## What the task asks
Please write out the listing exactly, leaving each picture out.

## Dataset extract
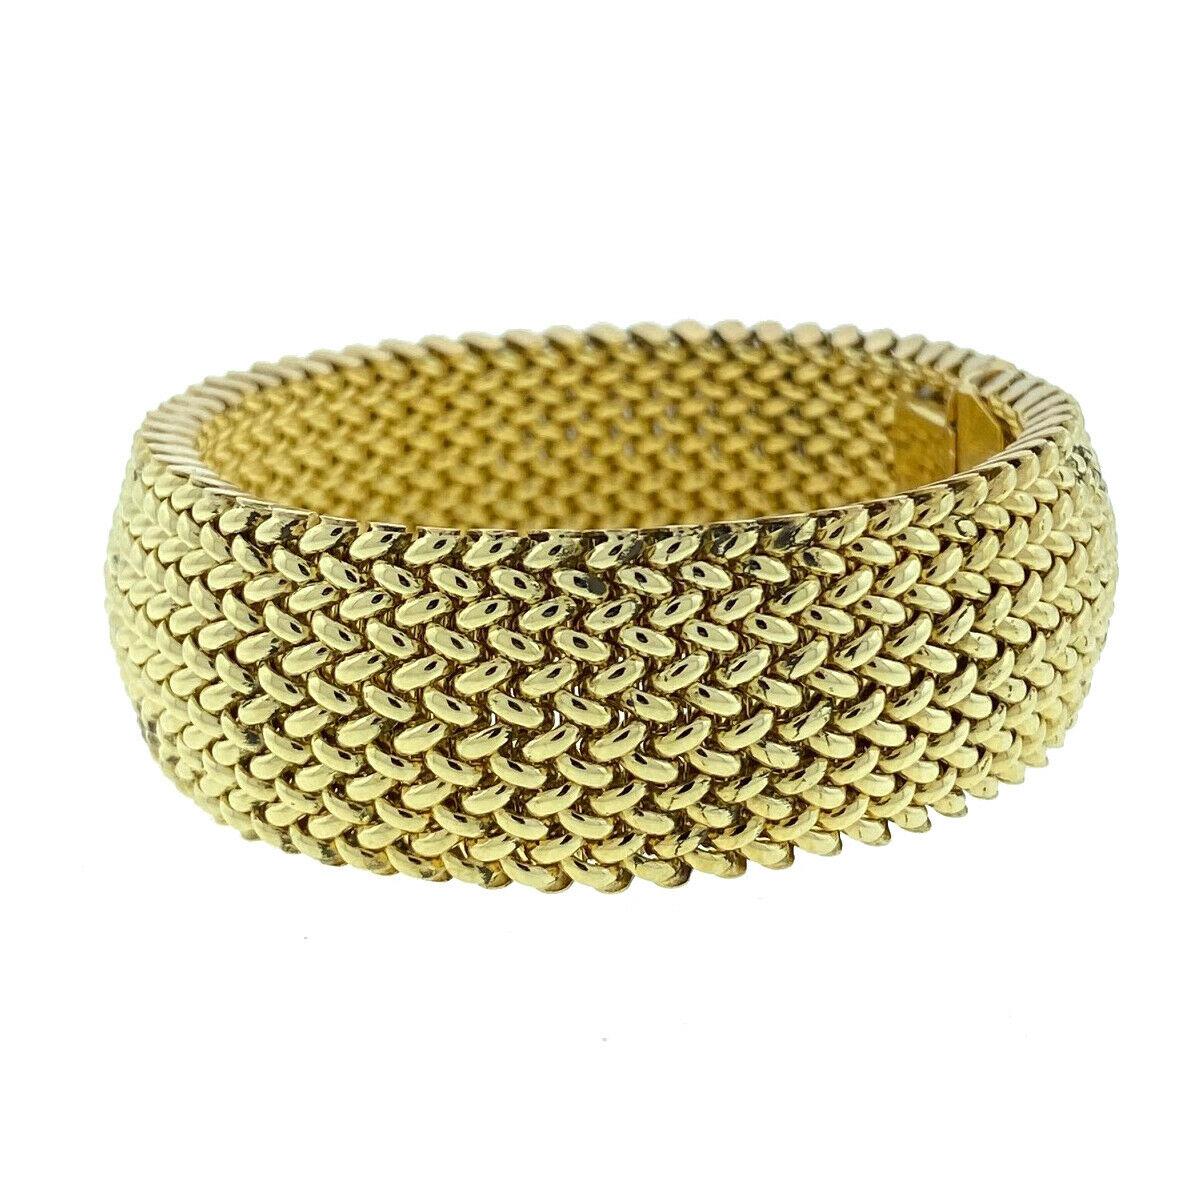 Style - 14k Yellow Gold Wide Mesh Bracelet 
Size - 6.49
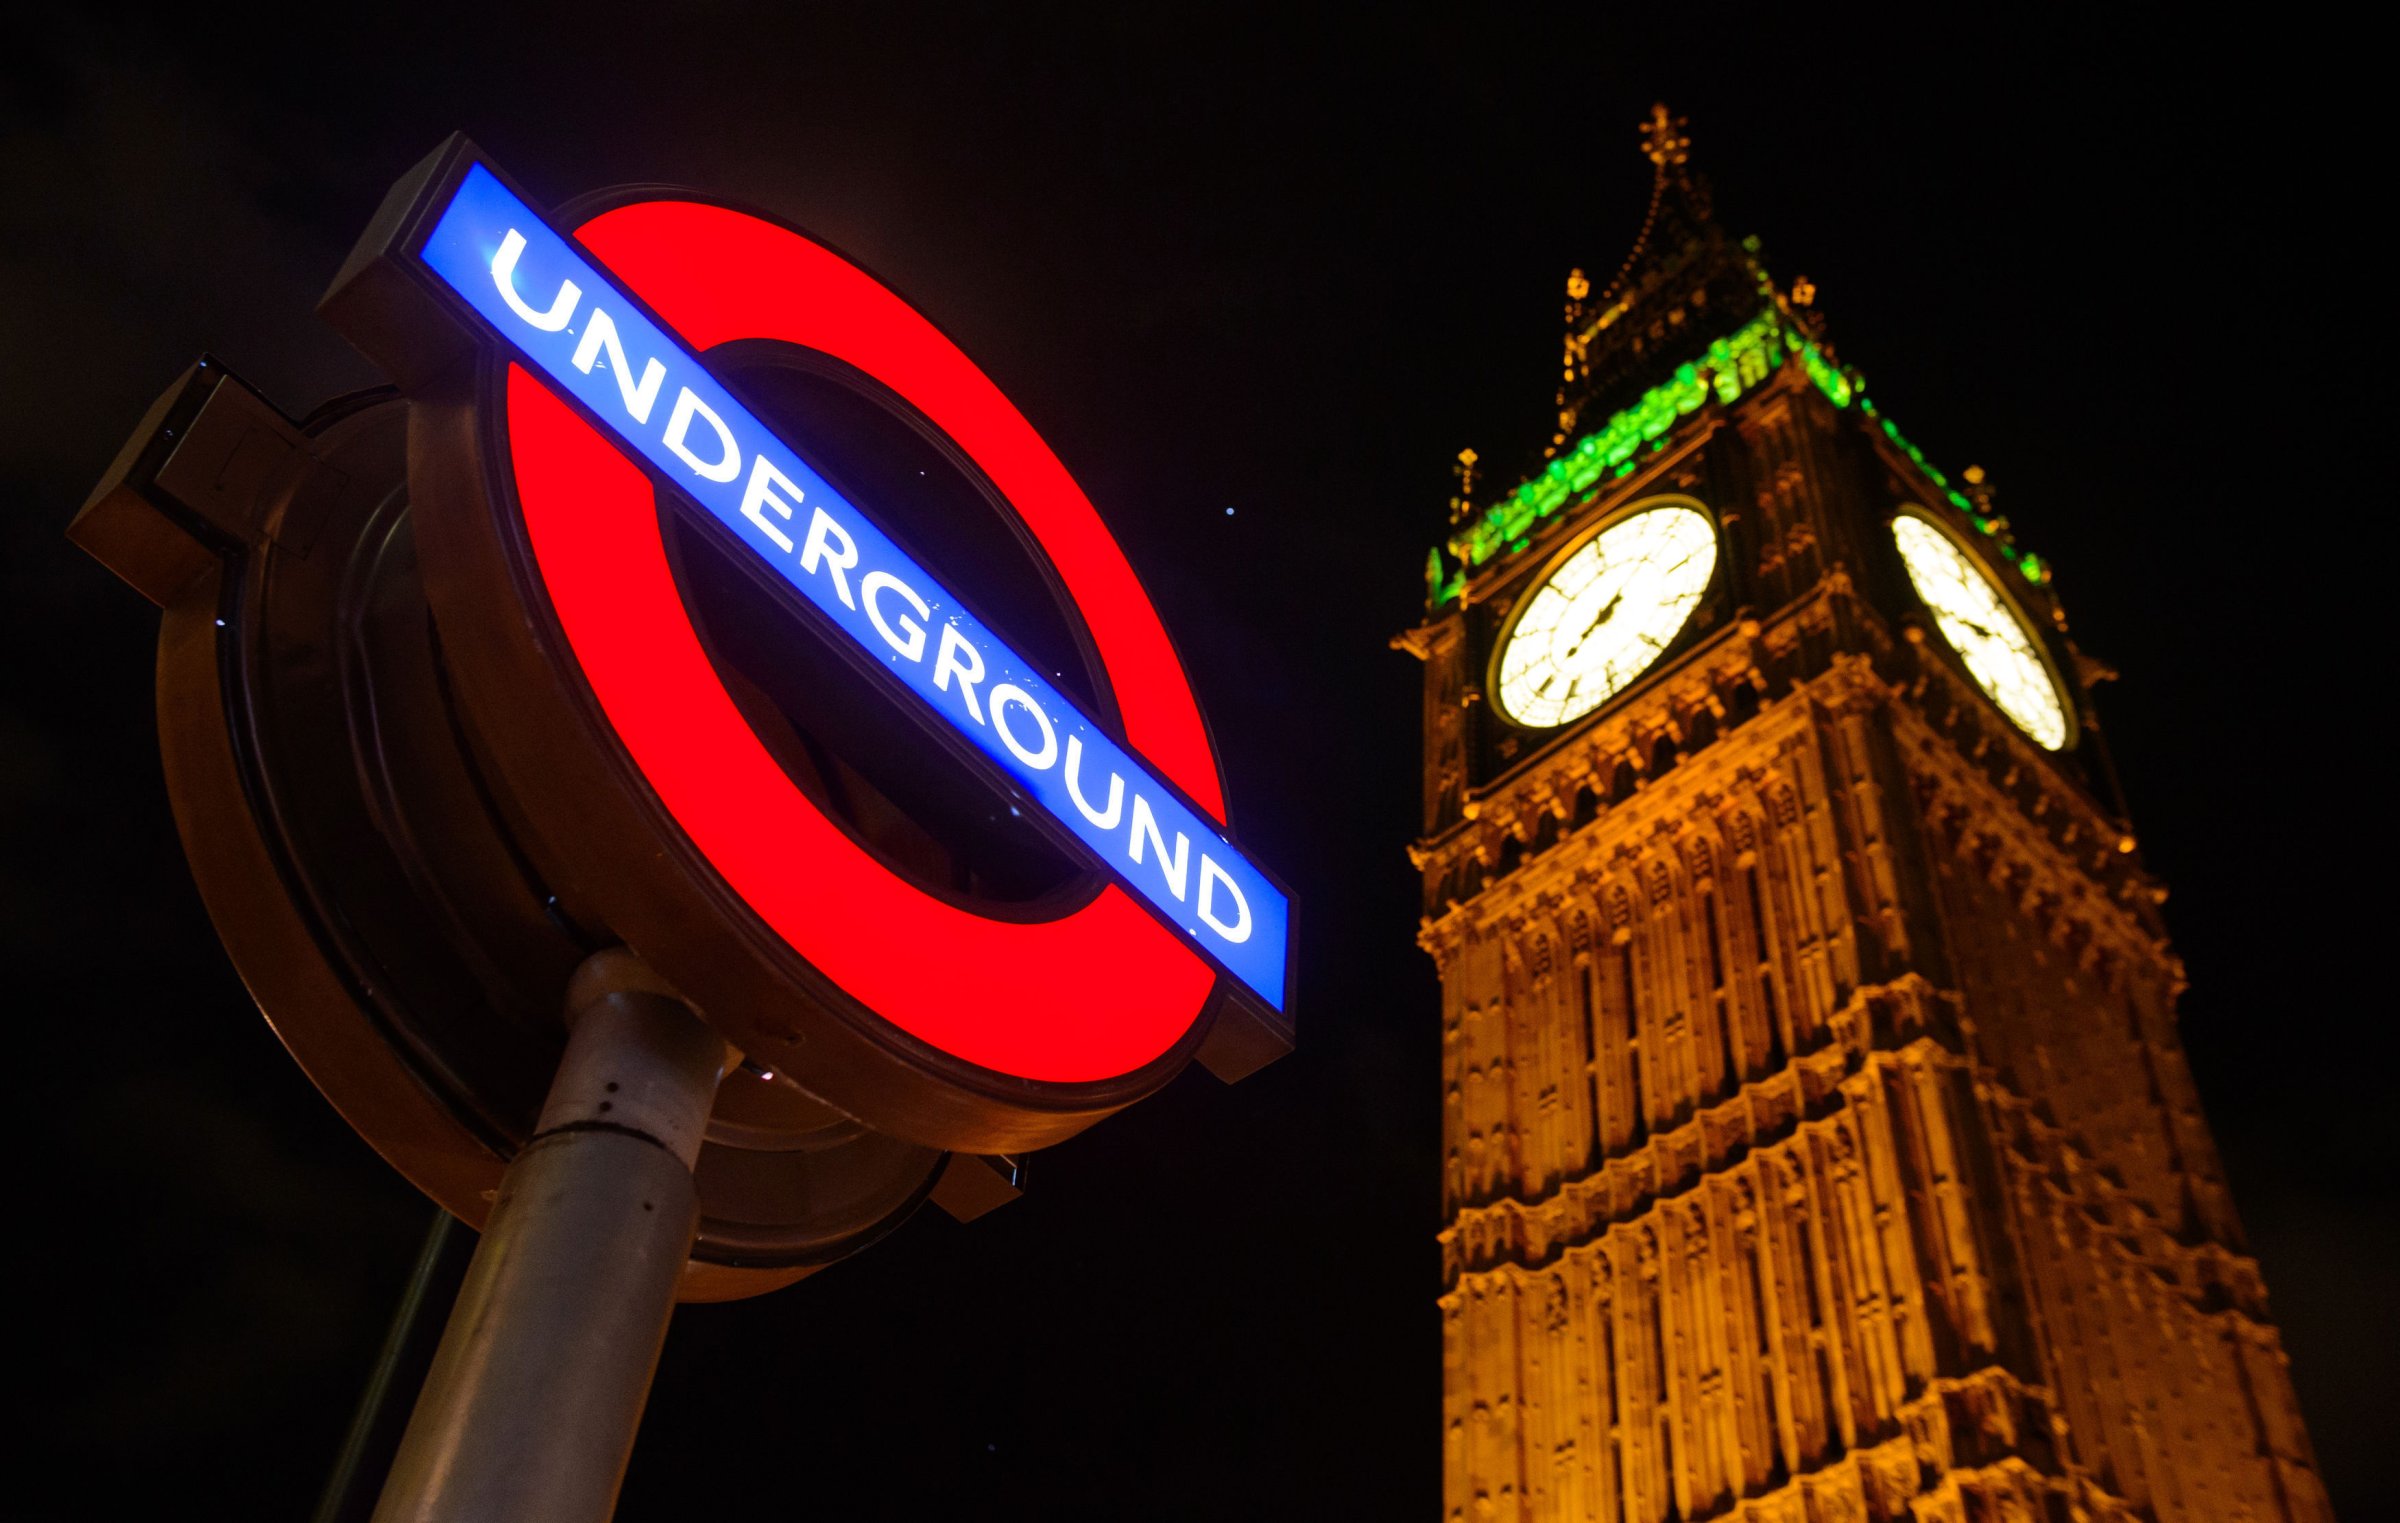 london tube strike underground
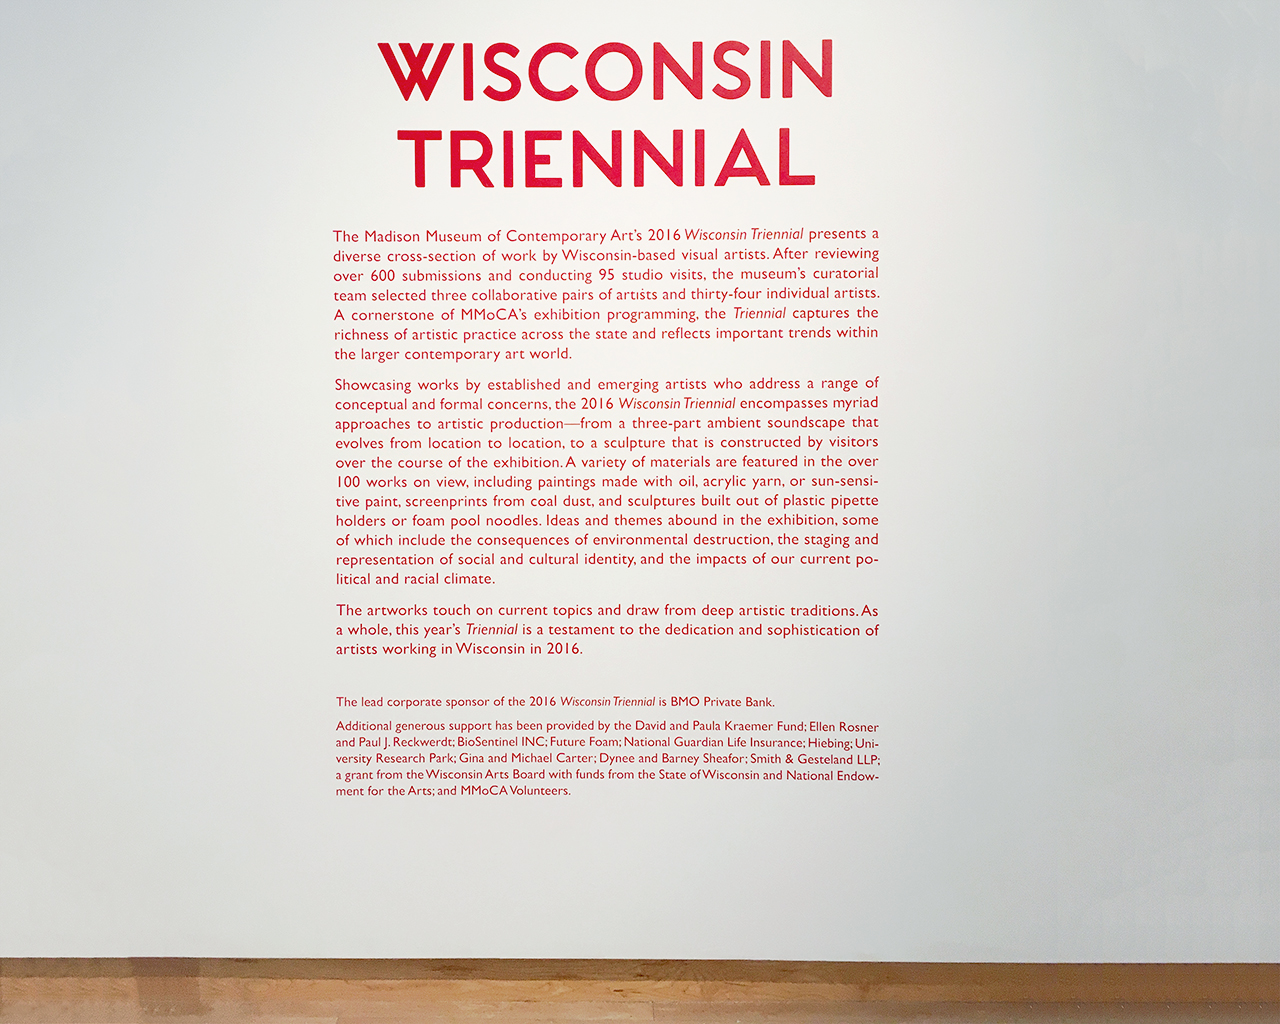 Helen_Hawley_MMoCA_Wisconsin_triennial.jpg

## Result of the exercise
 Style - 14k Yellow Gold Wide Mesh Bracelet 
Size - 6.49
 london tube strike underground
 Helen_Hawley_MMoCA_Wisconsin_triennial.jpg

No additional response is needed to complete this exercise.